New laws spearheaded by industry after Mount Polley dam failure
The pollution caused by last summer’s dam failure at the Imperial Metals’ Mount Polley and the recommendations from an expert panel this January are having effects in the United States.
Six weeks ago, Montana changed its laws in response to the B.C. mine disaster, entrenching in statutes design standards for mine waste-storage facilities, qualifications for engineers and requirements for independent review panels.
The law changes were spearheaded by industry through the Montana Mining Association and sponsored by Republican state Senator Chas Vincent.
In B.C., the mining industry has been cautious in its response to the expert panel recommendations, which included the call for the independent review panels made up of senior geotechnical engineers.

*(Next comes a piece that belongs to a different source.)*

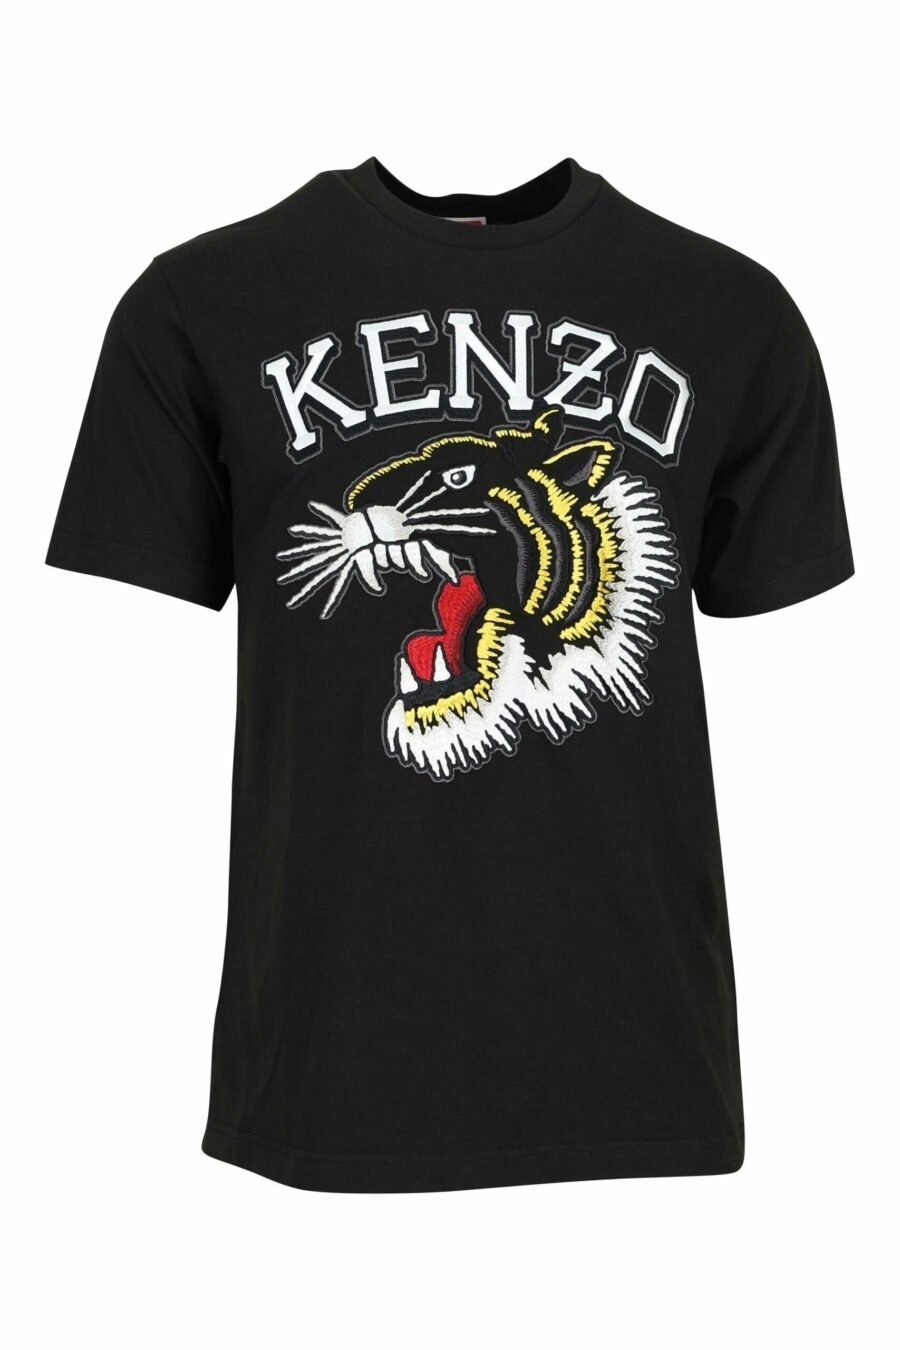 Camiseta negra con maxilogo tigre multicolor - 3612230625112 scaled

And while the B.C. Liberal government says changes are coming, it has said a review of provincial laws could take at least a year.
Montana Mining Association executive director Tammy Johnson said it wasn’t an easy decision to propose increased regulation but the changes were needed to ensure public confidence in mine dam safety.
Johnson said she believes the new laws are the most rigorous guidelines for mine-waste storage facilities, often call tailings ponds, in existence. “It’s not a guidance document, we made it hard and fast law,” she said.
Johnson said they acted quickly after the Mount Polley dam failure because the Montana legislature only meets once every two years and industry didn’t want to wait until 2017 to make changes.